Design classes open 24/7 on the Web

Jan. 22, 2004
"Train me or trade me" read a recent cover of Machine Design. The implication being that talented employees expect training to keep their skills sharp and up to date, and the job interesting. But training spans a range of possibilities and costs.
Think3's thinkcare Web site (http://care.think3.com) has six sections with different types of training. The site can be switched to languages that include French, Spanish, Italian, German, Indian, and Japanese.
 
The Design Techniques section provides several lessons on using the workplane most effectively.
 
The MyTraining: All Contents section lists all lessons with difficulty levels and approximates time to complete. To track your training progress, pick on the "lesson's done" tab when finished.
 
A section on Booleans shows how to create threads in thinkdesign even though there are no thread functions in the program.

The expensive stuff -- formal, out-of-town classes -- probably go only to a few people. So what about the rest of the staff?

The answer comes from the Web site of think3 Inc., a developer of engineering and product-data-management software. The MyTraining section is specific to think3 software, but the online teaching format makes good sense because users need not resort to a static, possibly out-of-date manual when they encounter difficulties.

The site holds a range of instructions including simple text files, e-seminars, and more-complex lessons that involve interactive modules. The text files, mostly how-to instructions with diagrams, are easy to read and comprehend, a refreshing change from the stiff and stilted wording common to user manuals. Some might argue you could get the same from a book, but the online lessons are full of hypertext with links to where student interest takes them.

E-seminars are instructor-led sessions for which students must sign up. But these have the most potential because students can guide the lesson right to their problems. Students can download the interactive modules and work through them at their own pace in their copy of thinkdesign, the developer's design software.
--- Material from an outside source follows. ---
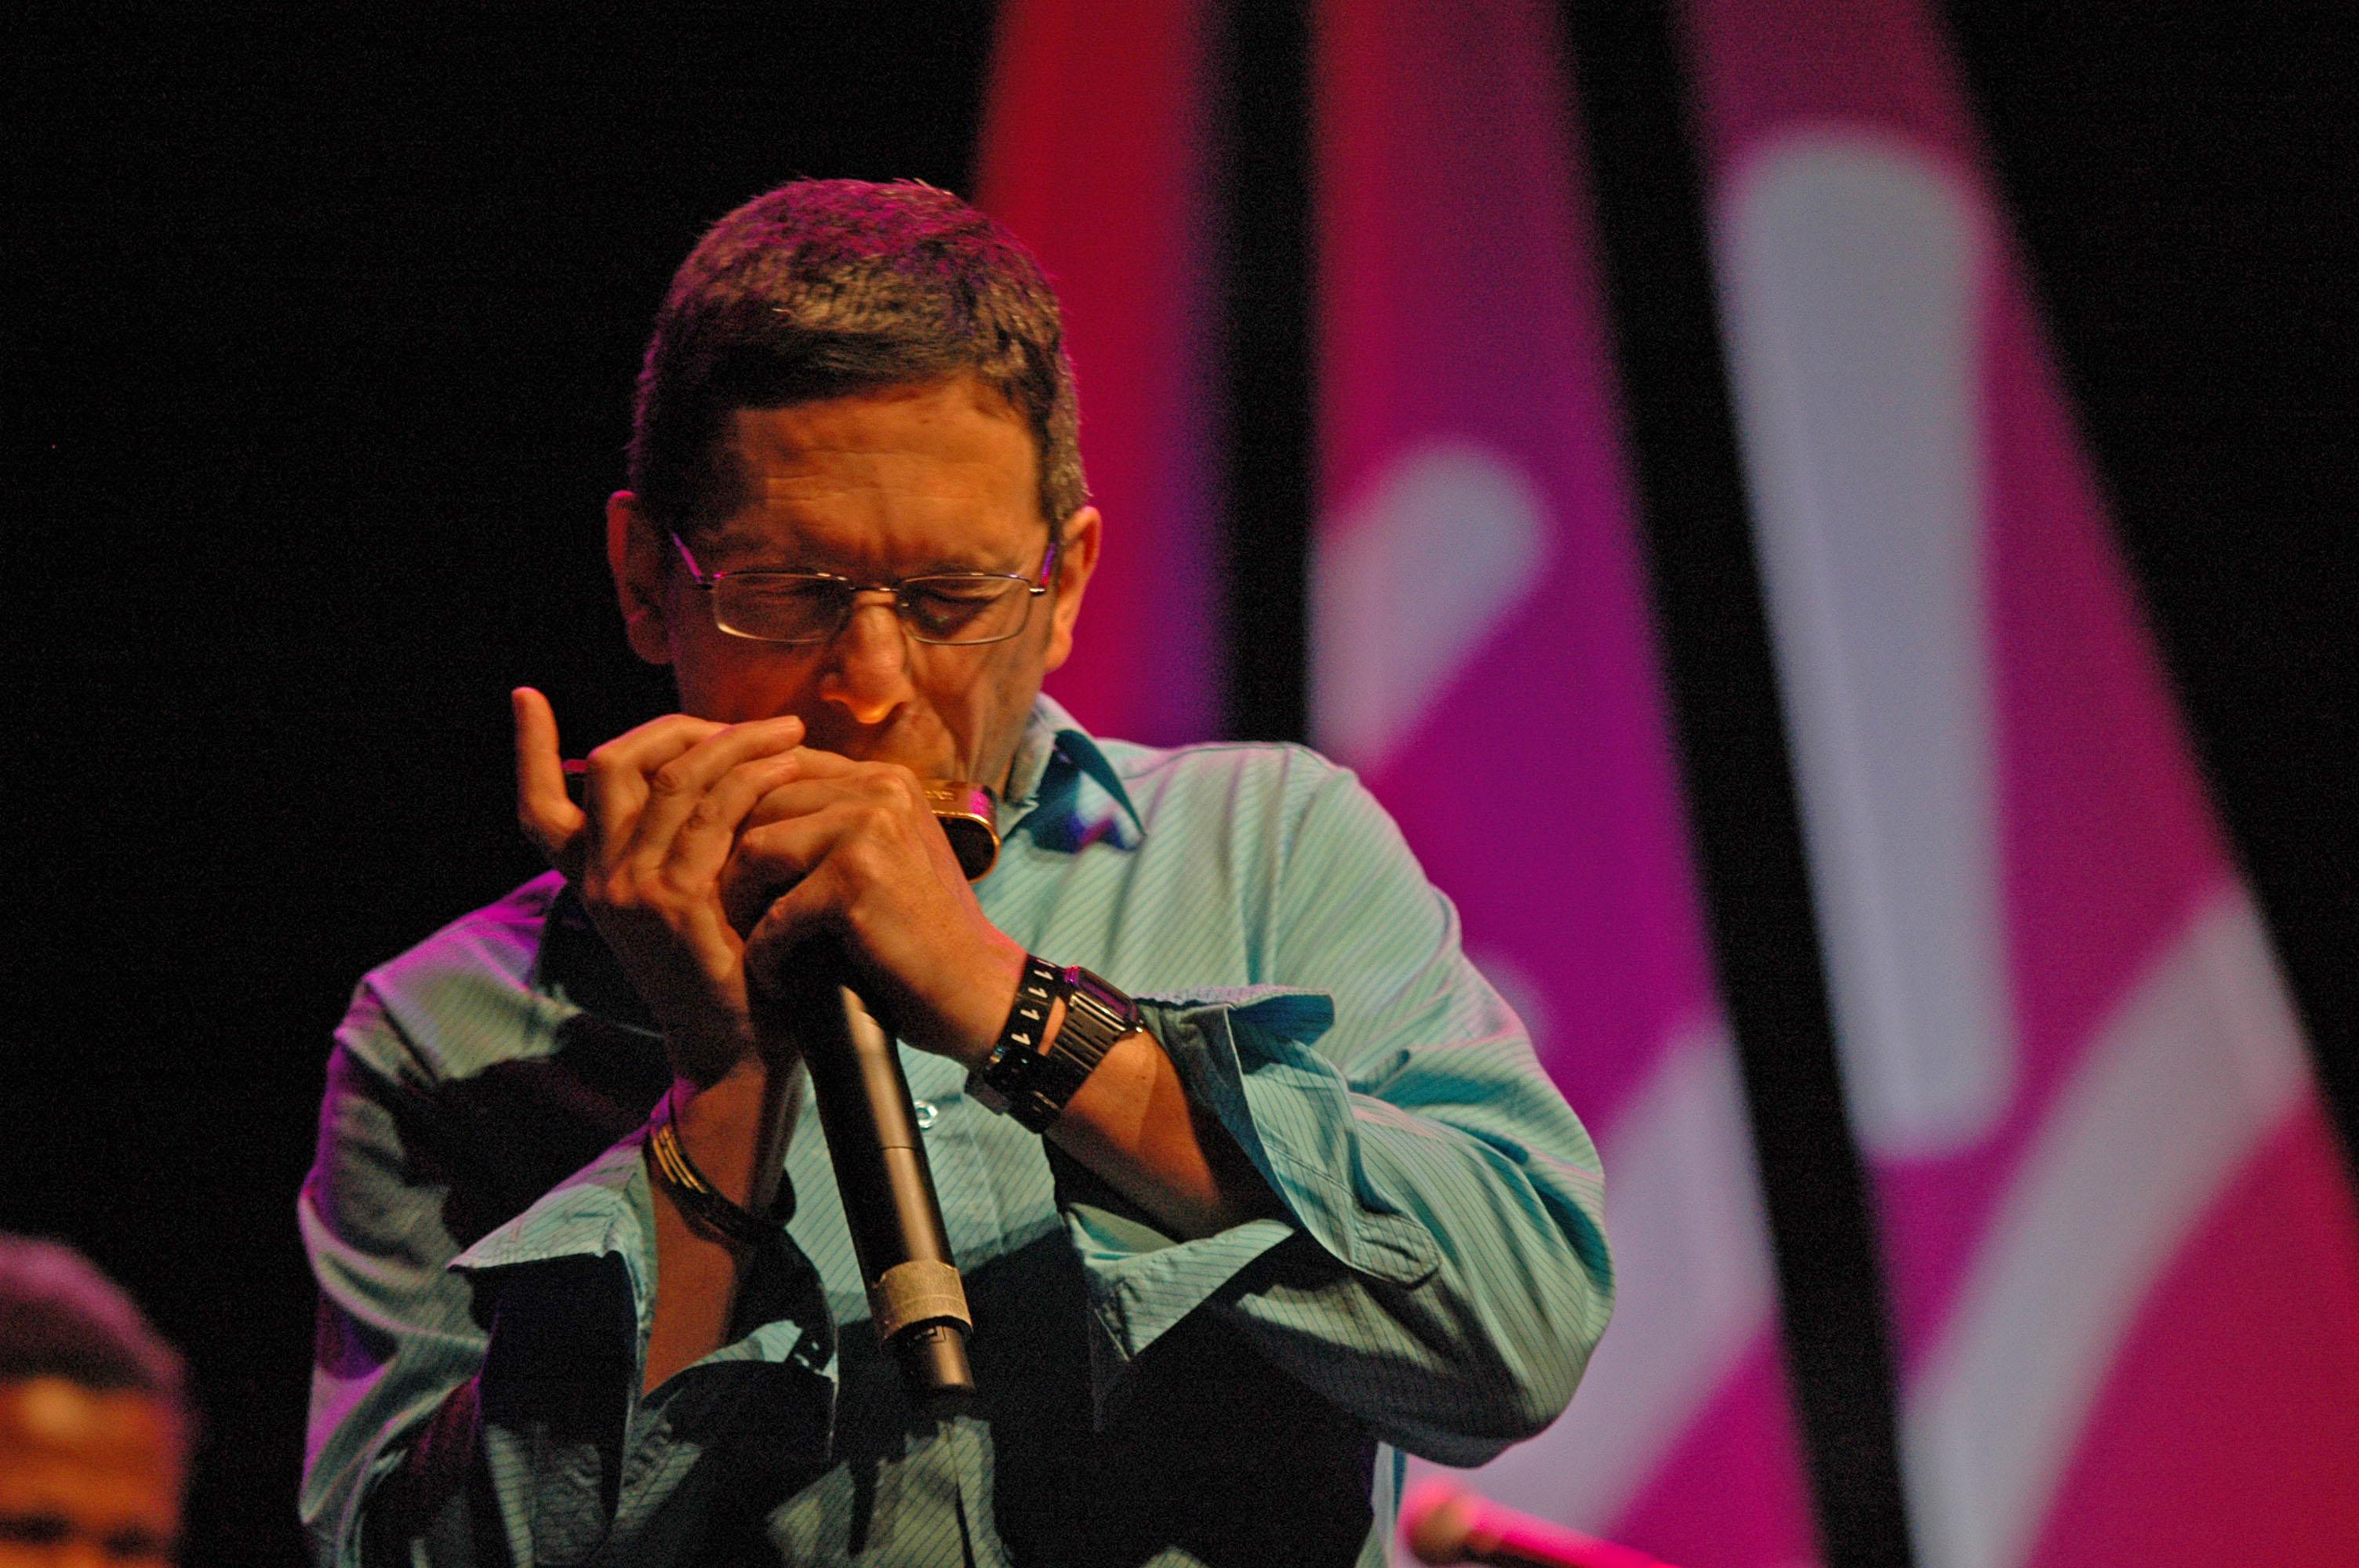 Adam Glasser, Cape Town Jazz Festival 2012

Users access online classes at http://care.think3.com, where they find topics under categories for Design Techniques, Using Legacy Data, The Thinkdesign Approach, Hardware and OS, and Learning thinkdesign. Each of these is further subdivided. For instance, Design Techniques includes a discussion on the workplane under about nine subheadings. They are short lessons that take 15 to 20 min to work through.

The section on Boolean operation includes about 13 lessons. Each includes a general how-to section and a few specific examples. For instance, although there is no helical-thread generator in the software, there are methods to generate such threads, and the website outlines them.

On the MyTraining: All Content screen, the company rates the content from essential, important, advanced, to custom. There are 70 lessons on the MyTraining Industrial page alone, and they take from 15 min to an hour to complete. The company says there are over 200 lessons in all and more go online with each release. Furthermore, e-seminars can be customized for unusual company tasks, such as designing wheel wells for vehicles. An engineering manager could also pick the lessons he wants his group to complete, place them on a separate site, and monitor their progress.

MyTraining Web site comes from think3, Cincinnati, Ohio.